> Your objective:
Take the data below and write it out exactly, except for the pictures.

Dataset excerpt START

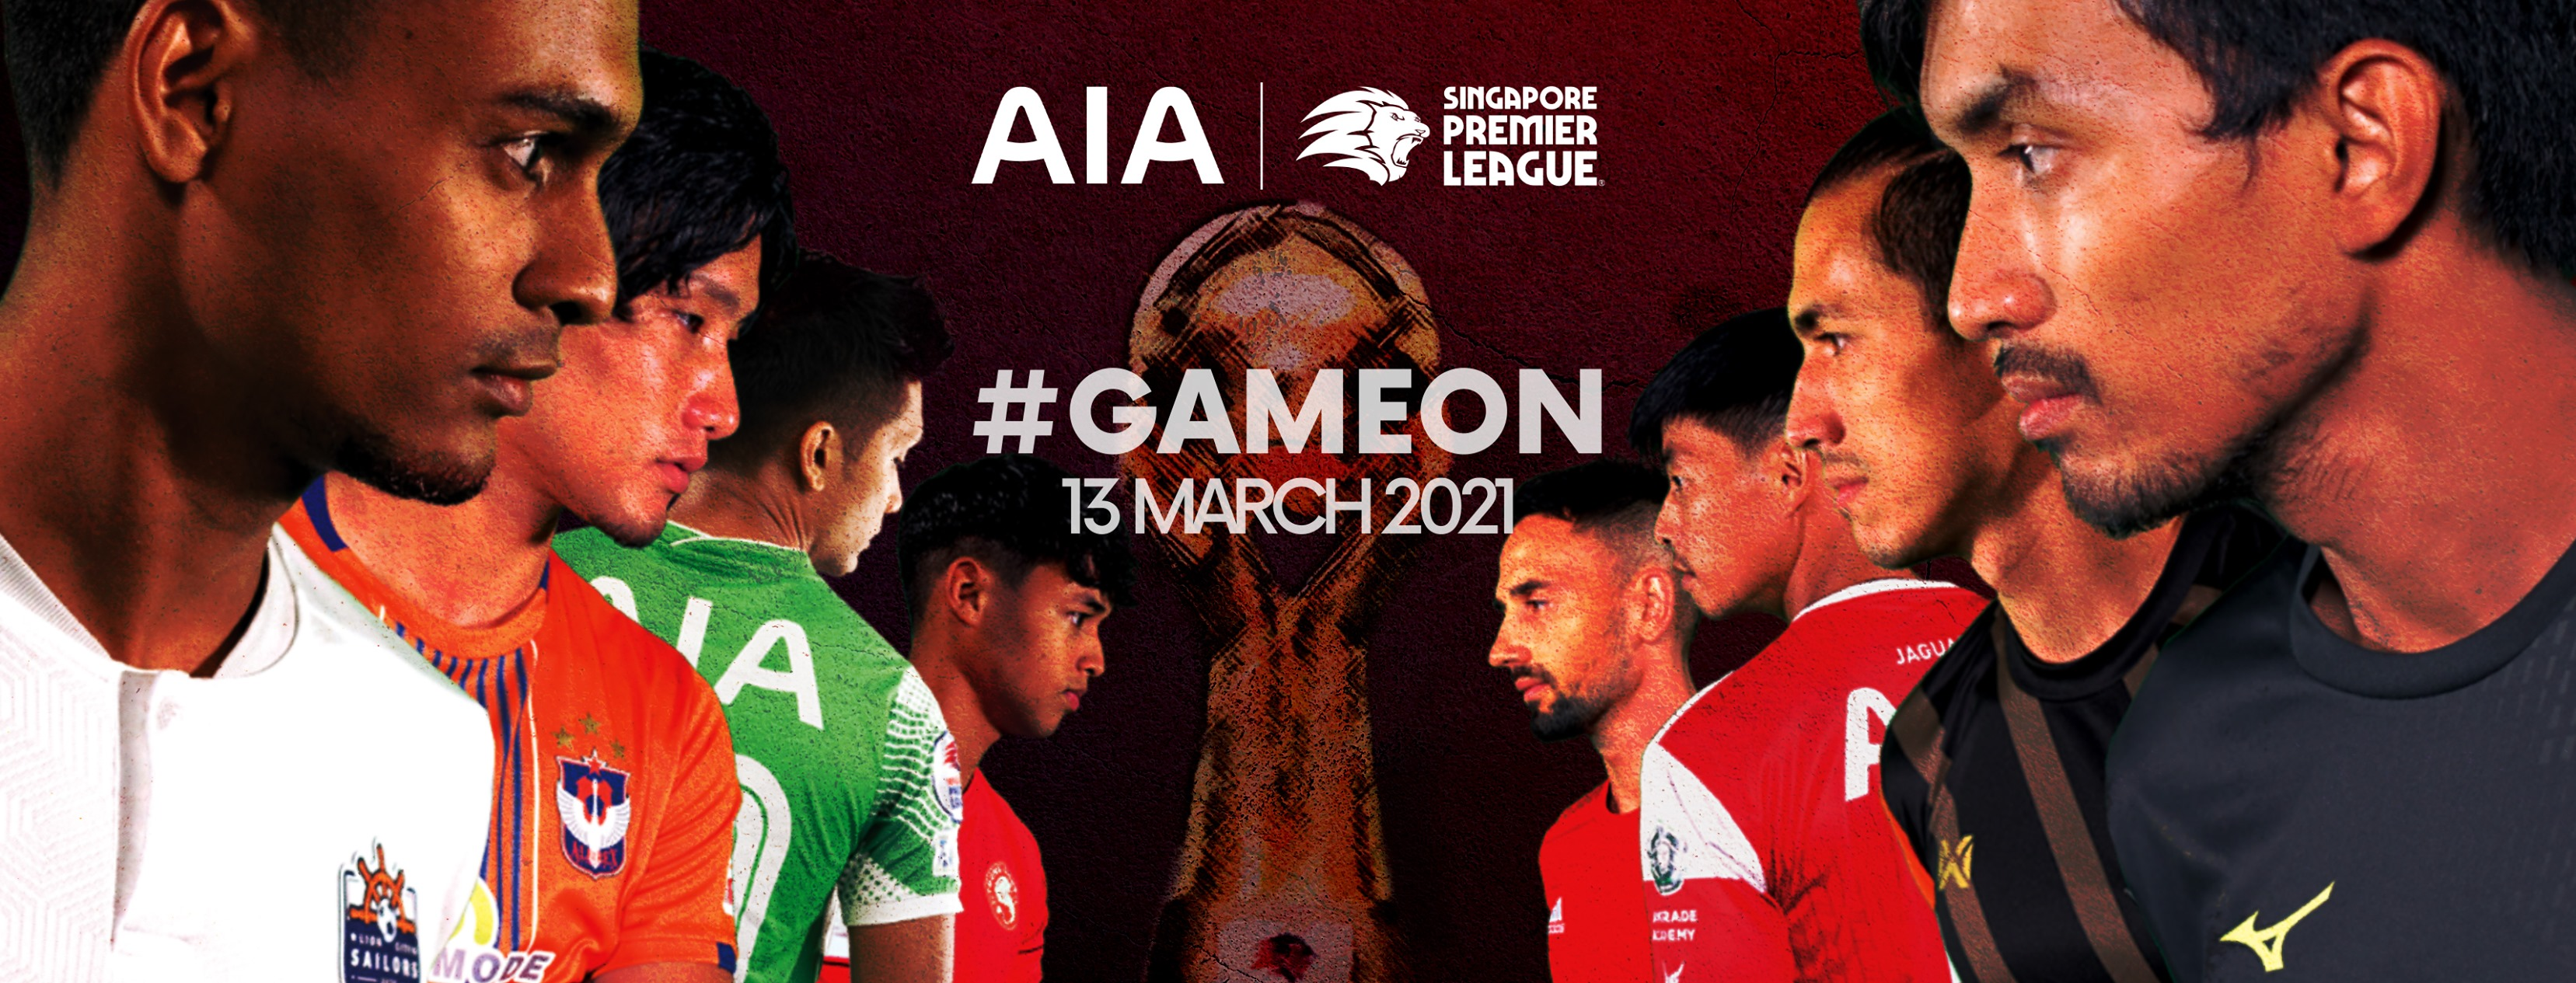 Final Countdown to the 2021 SPL Season!
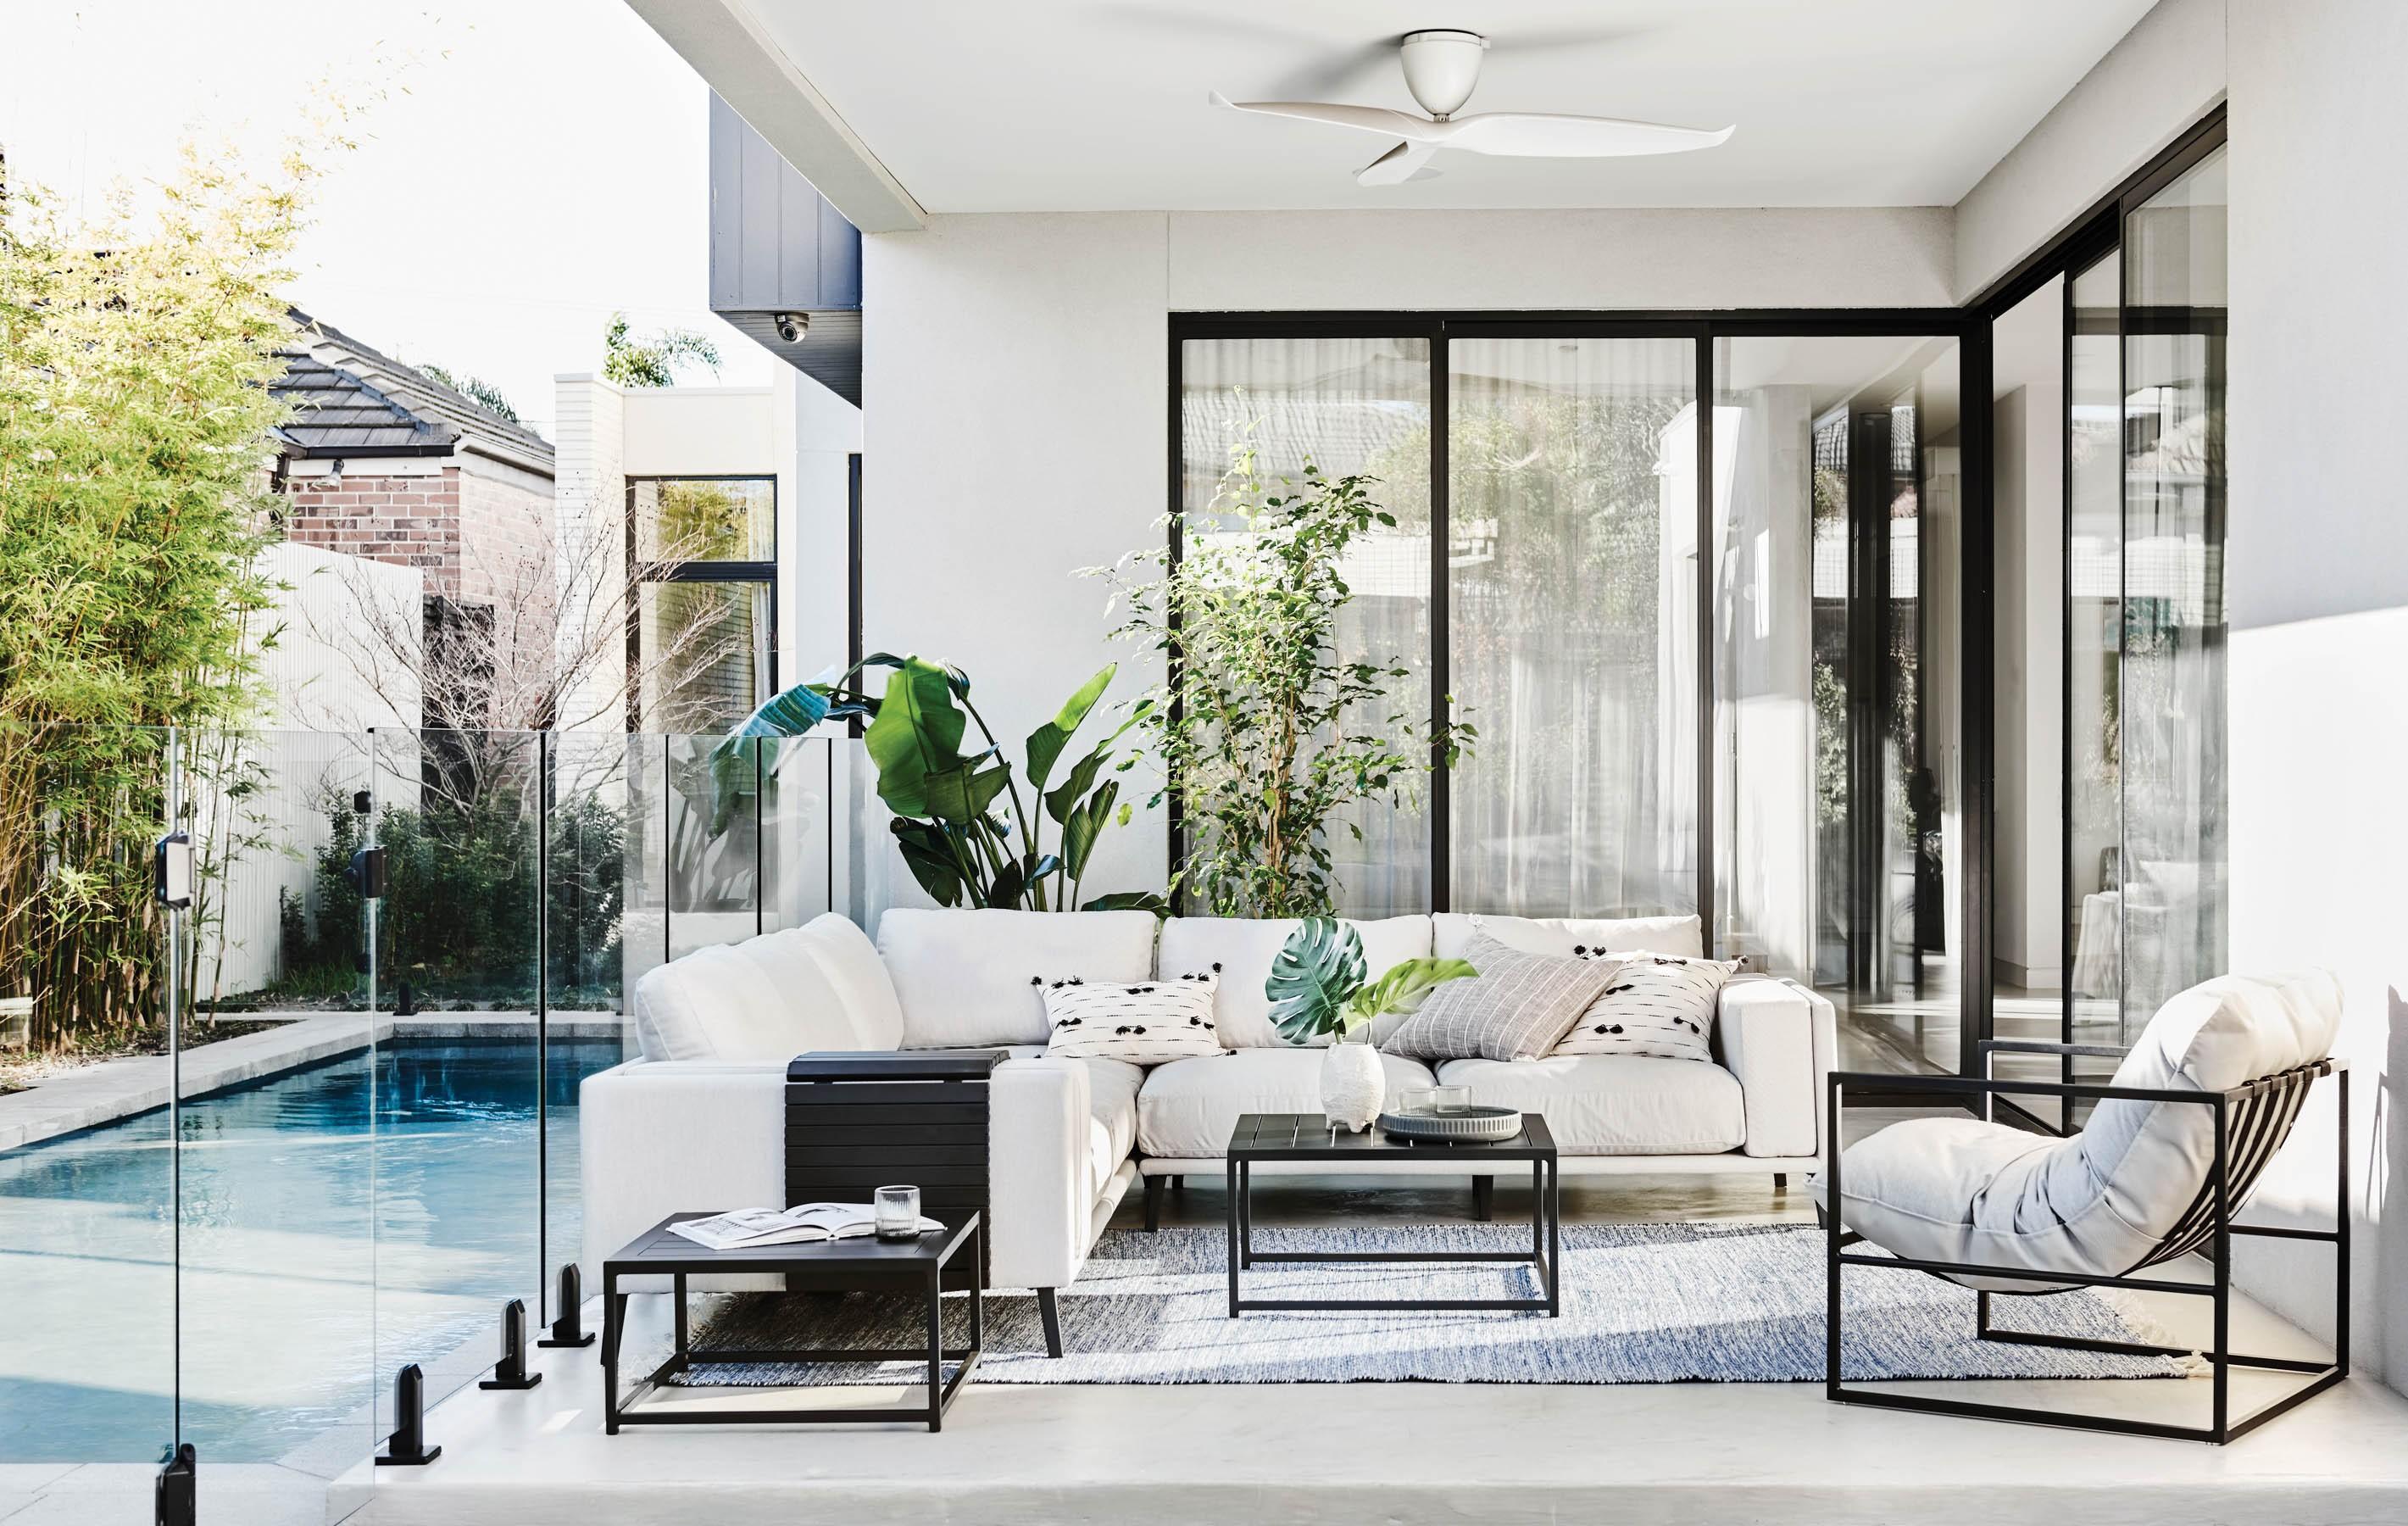 Furniture Gallery Sofas aruba-platform-chaise-02
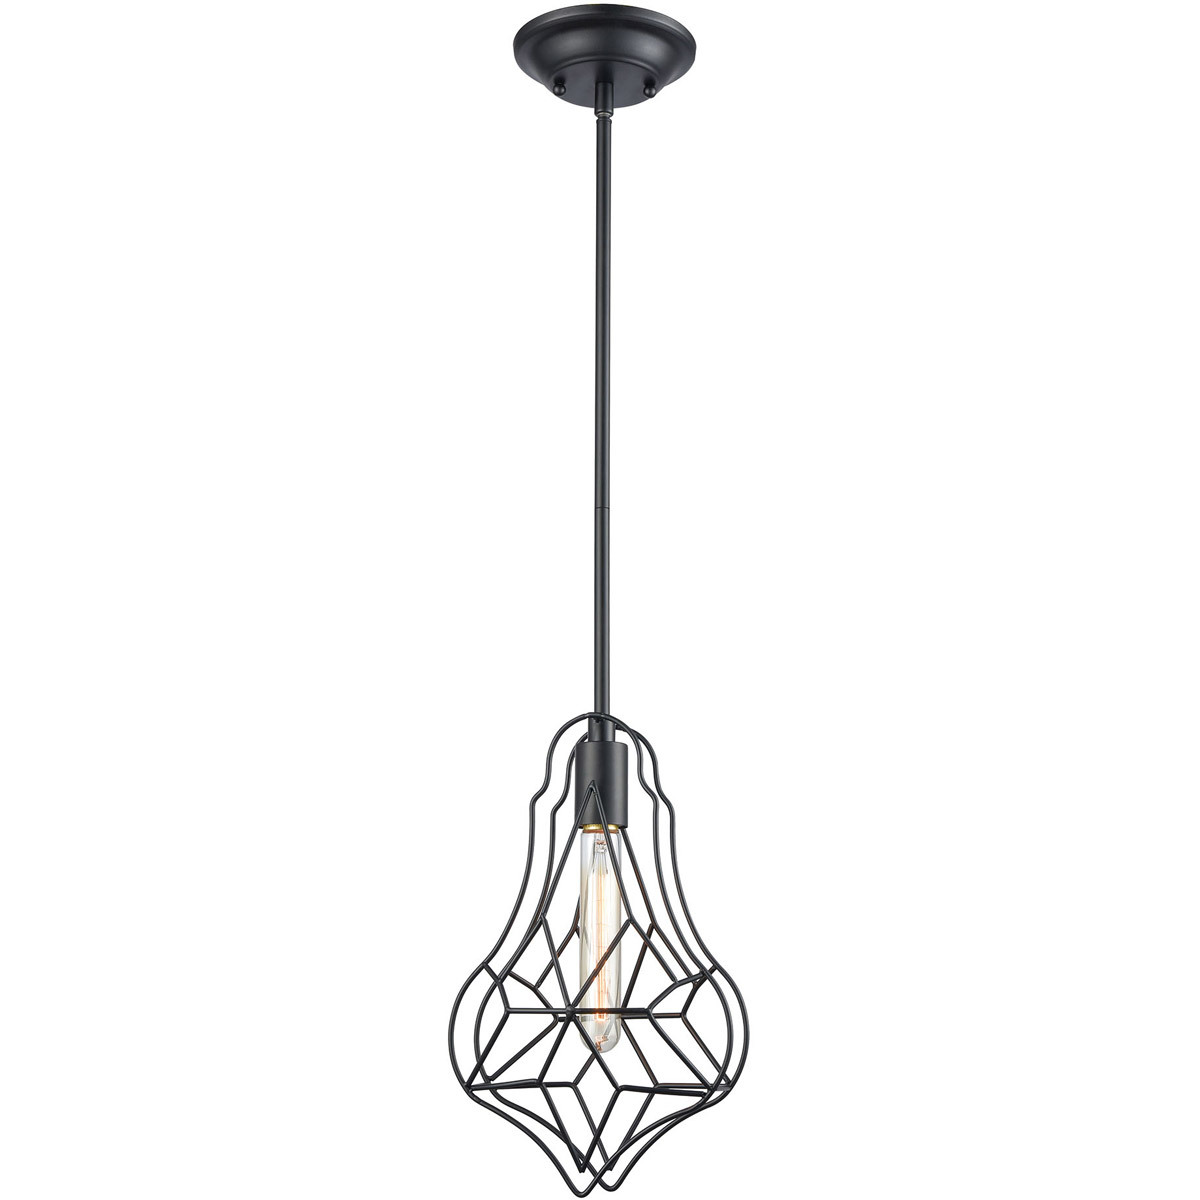 Pendants 1 Light Fixture With Matte Black Metal Crystal
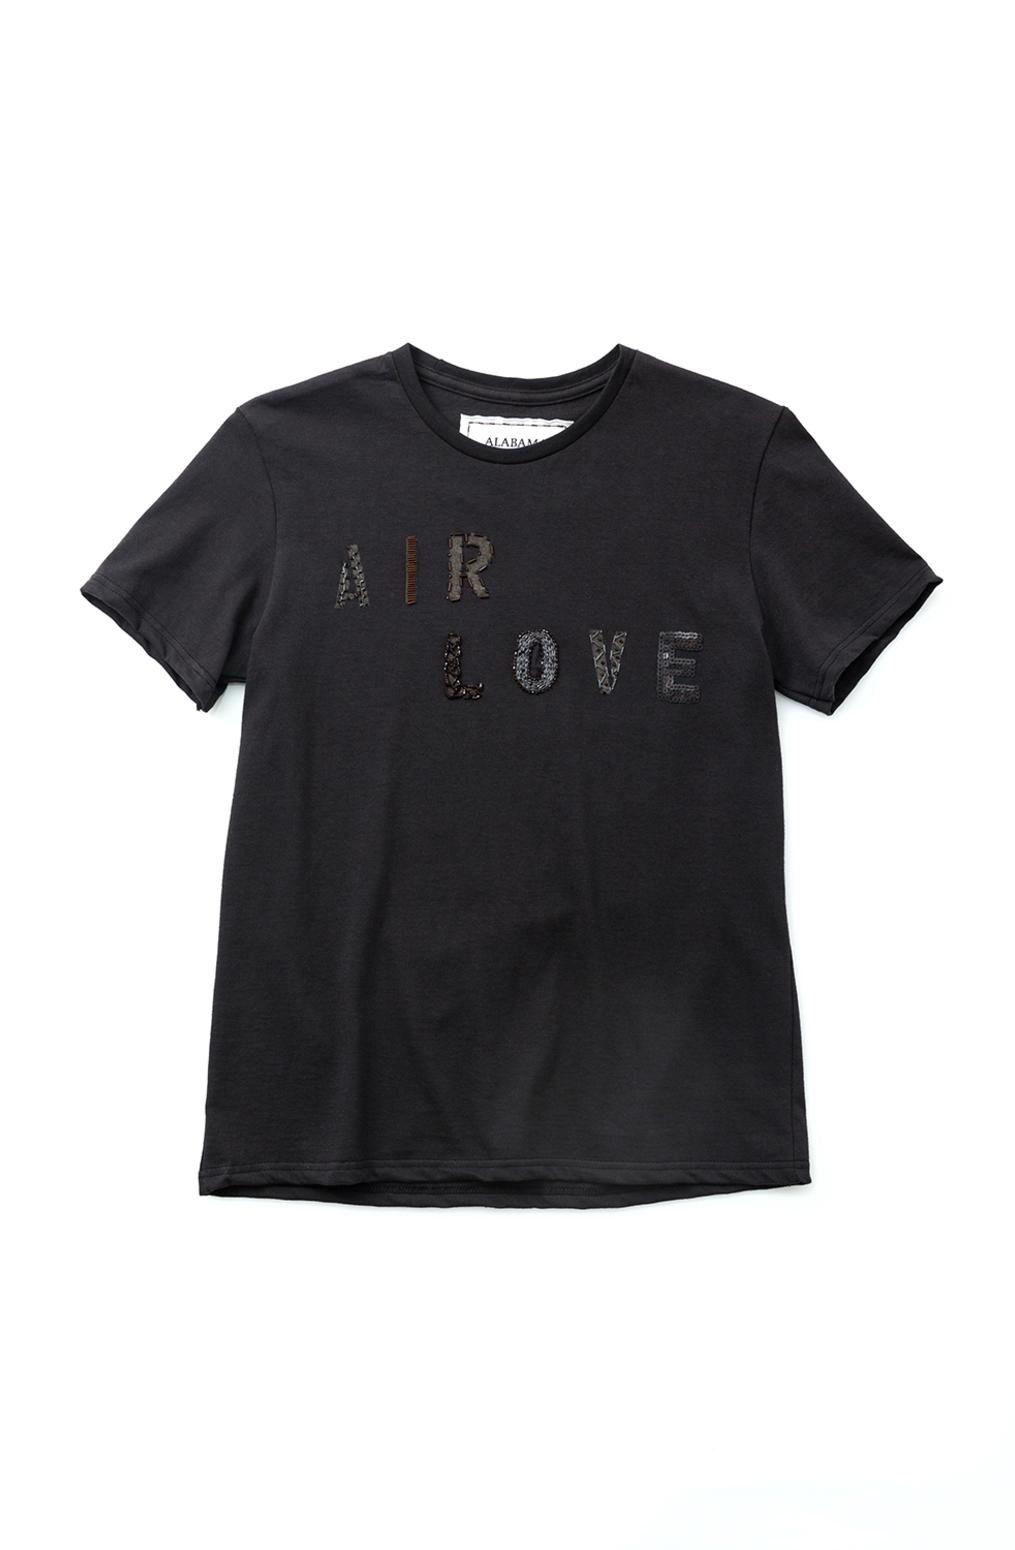 Alabama chanin hand embroidered beaded sequin air love tee 2

Dataset excerpt END

> Written response:
 Final Countdown to the 2021 SPL Season!
 Furniture Gallery Sofas aruba-platform-chaise-02
 Pendants 1 Light Fixture With Matte Black Metal Crystal
 Alabama chanin hand embroidered beaded sequin air love tee 2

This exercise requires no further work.